■ **SOURCE DATA**
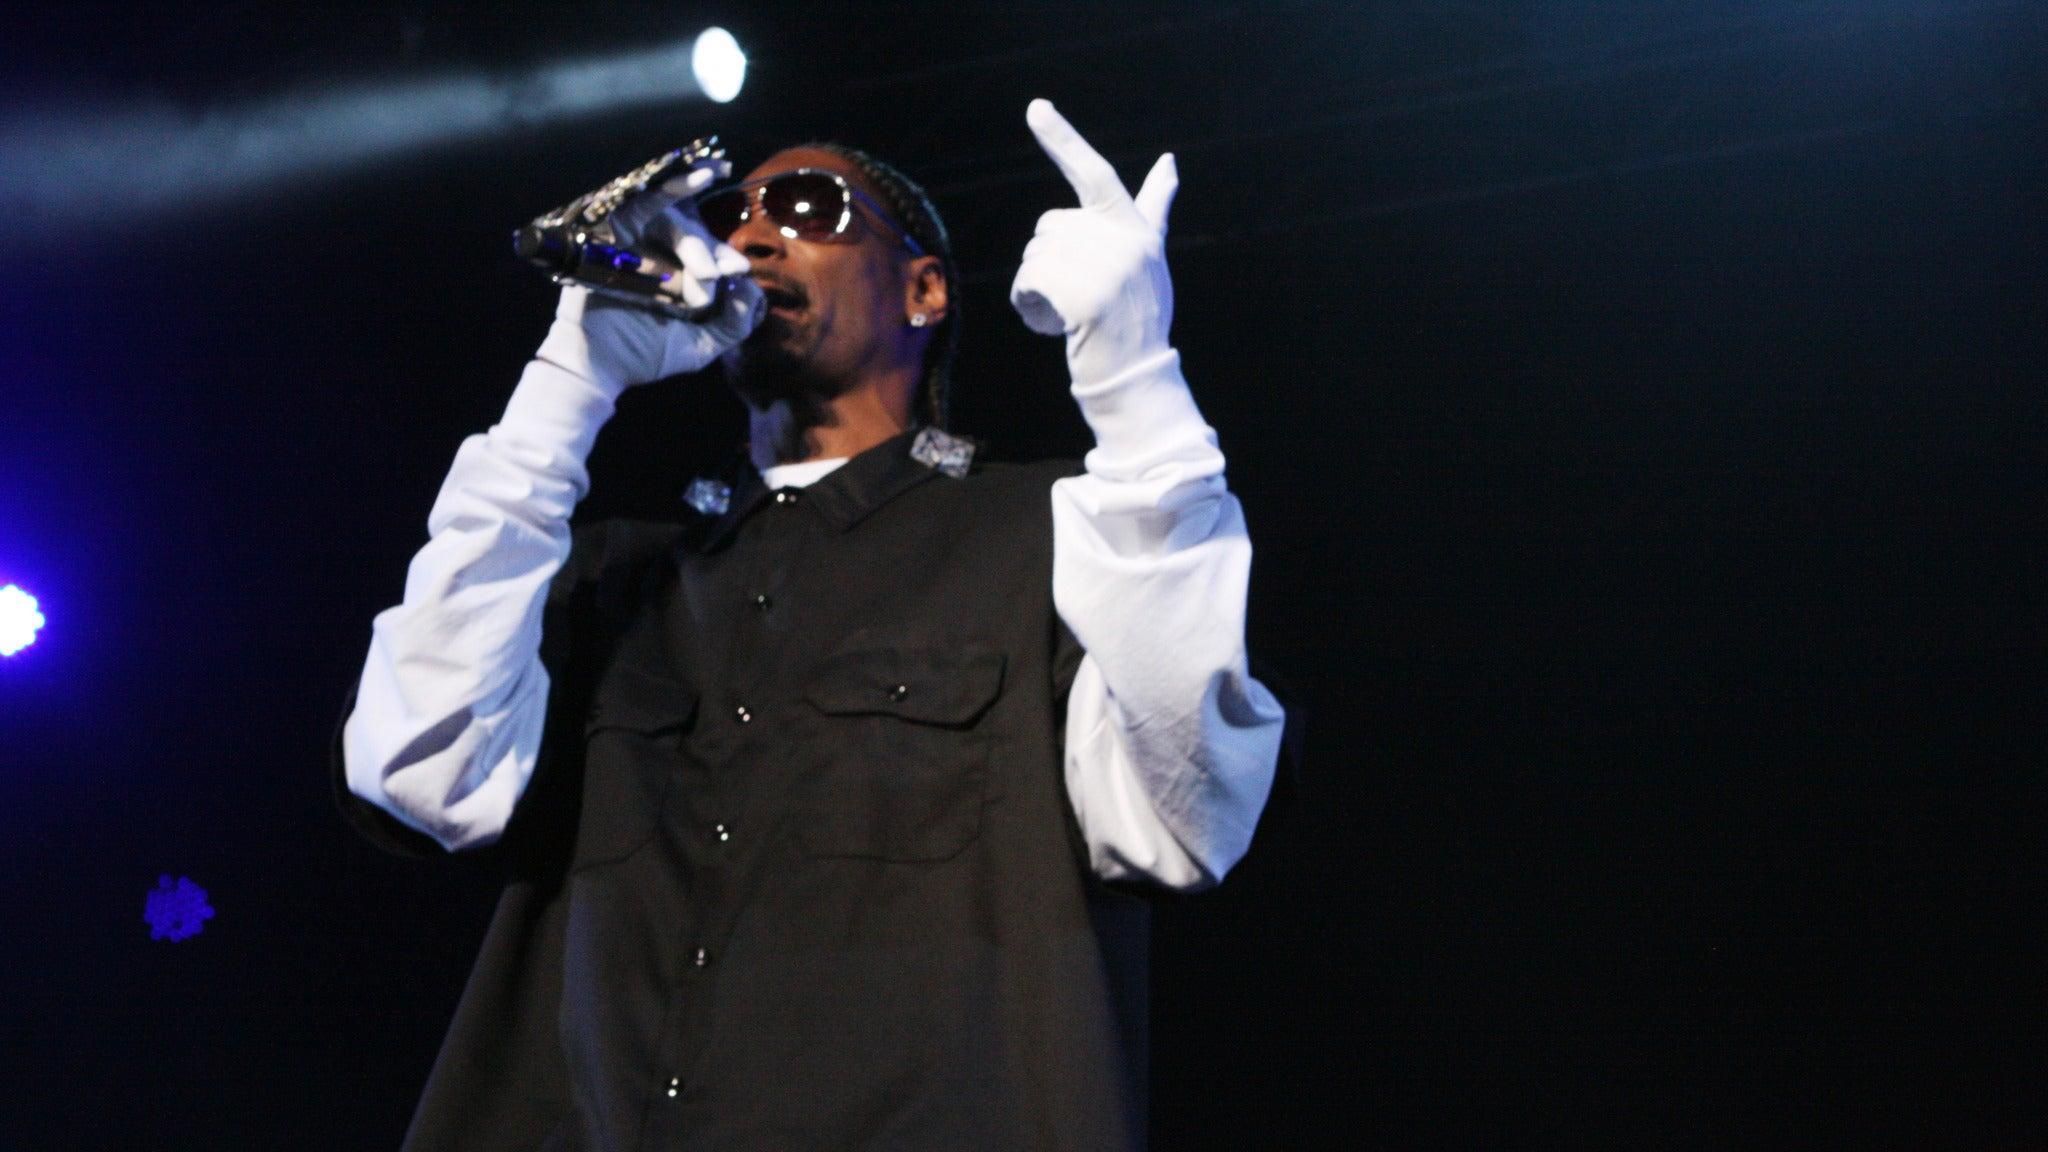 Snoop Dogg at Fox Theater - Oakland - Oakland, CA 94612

...

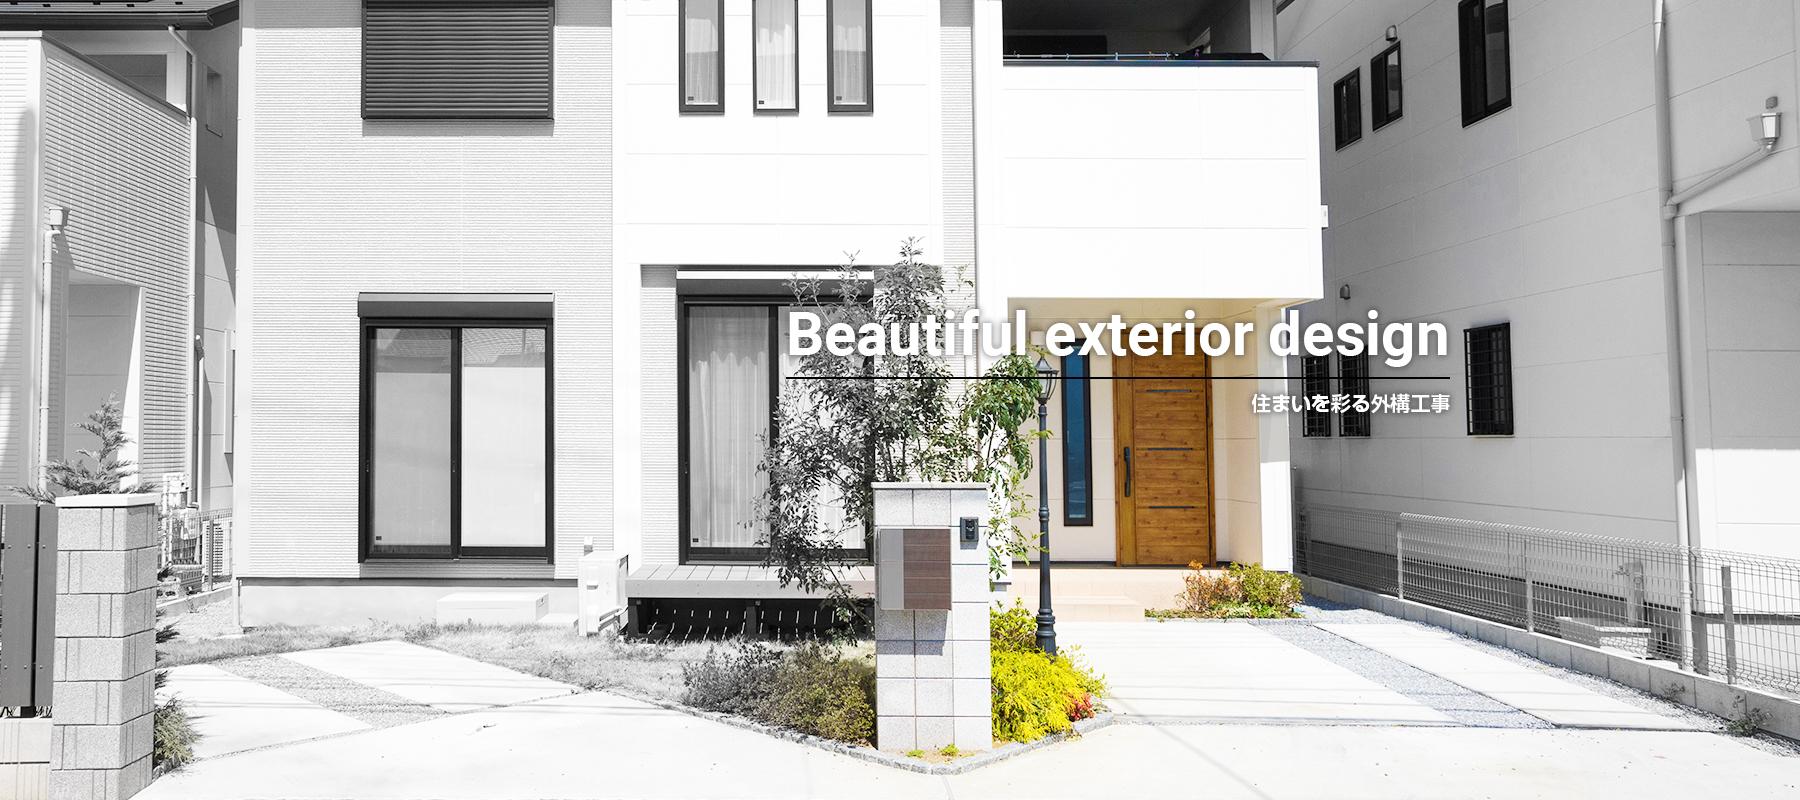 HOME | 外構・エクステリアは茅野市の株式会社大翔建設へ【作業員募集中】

---

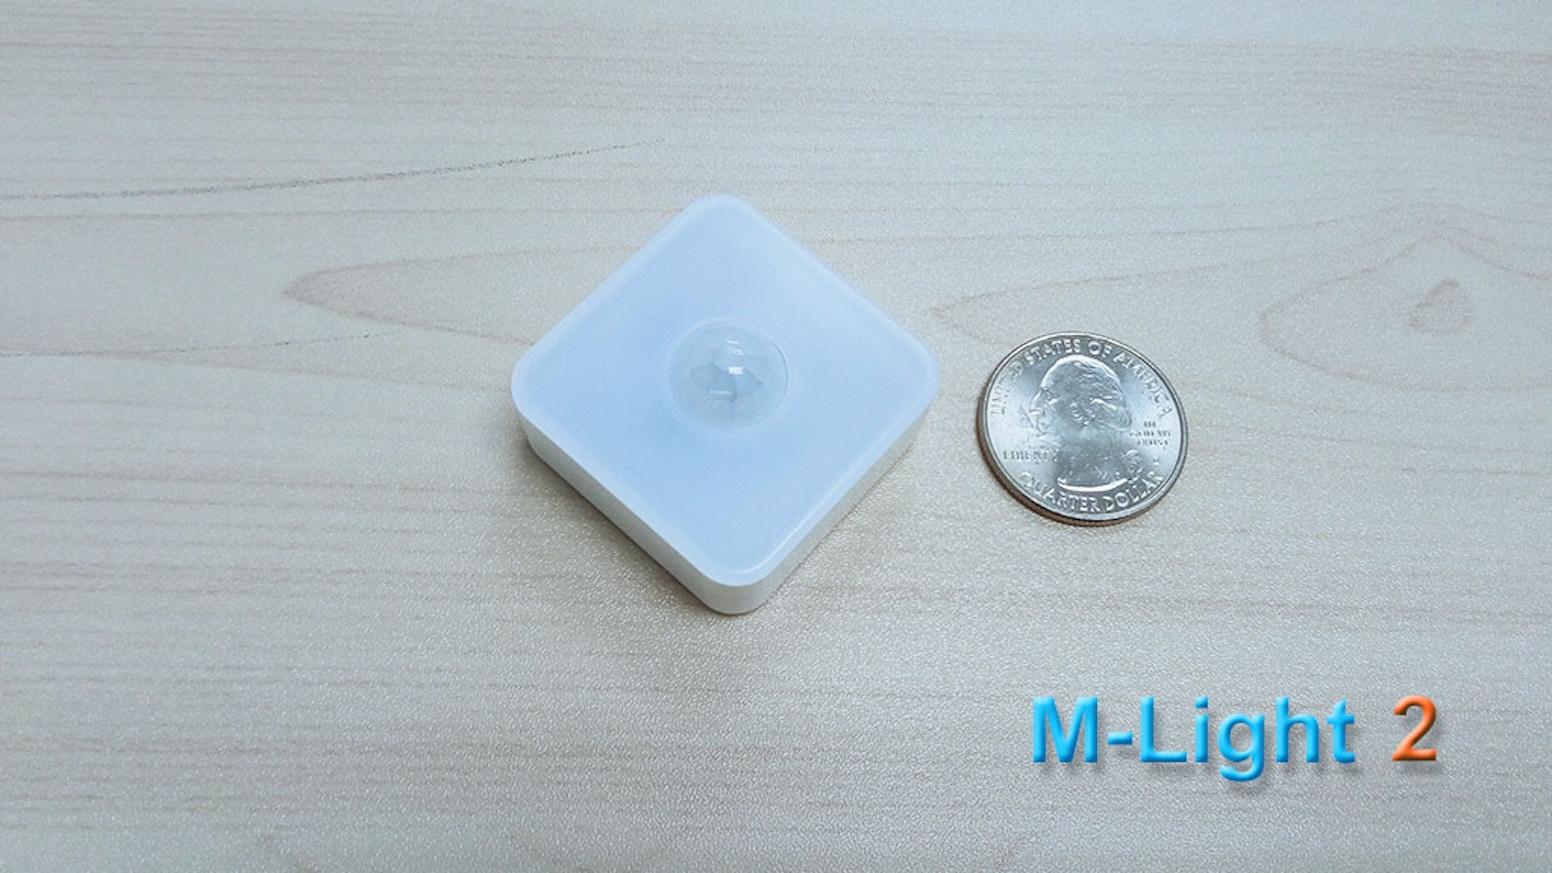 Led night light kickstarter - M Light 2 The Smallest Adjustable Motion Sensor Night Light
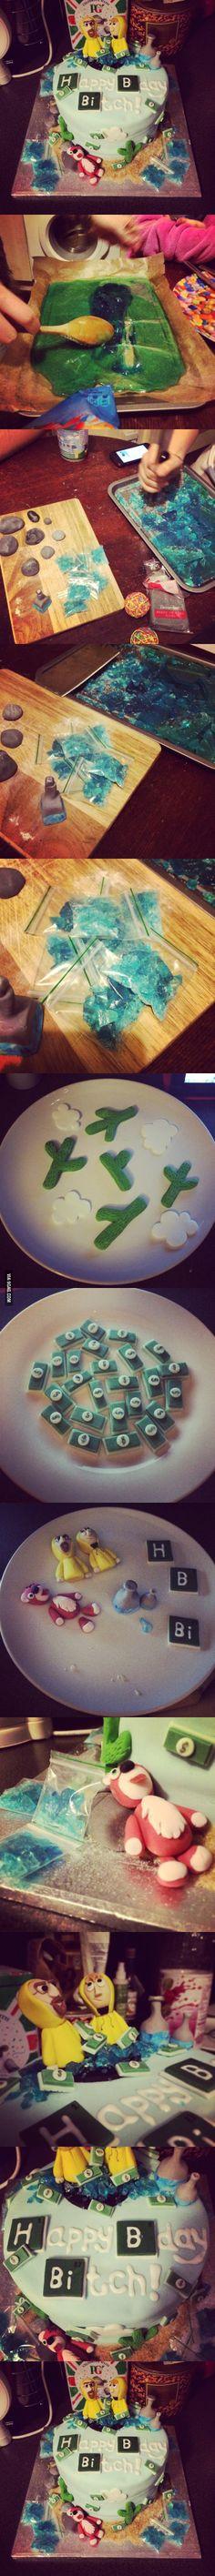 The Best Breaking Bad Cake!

■ **PROBLEM STATEMENT**
Go back to the lines above and output, exactly as they stand, the ones from the line containing "Led night light" to the line containing "The Best Breaking Bad Cake!". Leave all pictures behind.

■ **EXERCISE RESPONSE**
 Led night light kickstarter - M Light 2 The Smallest Adjustable Motion Sensor Night Light
 The Best Breaking Bad Cake!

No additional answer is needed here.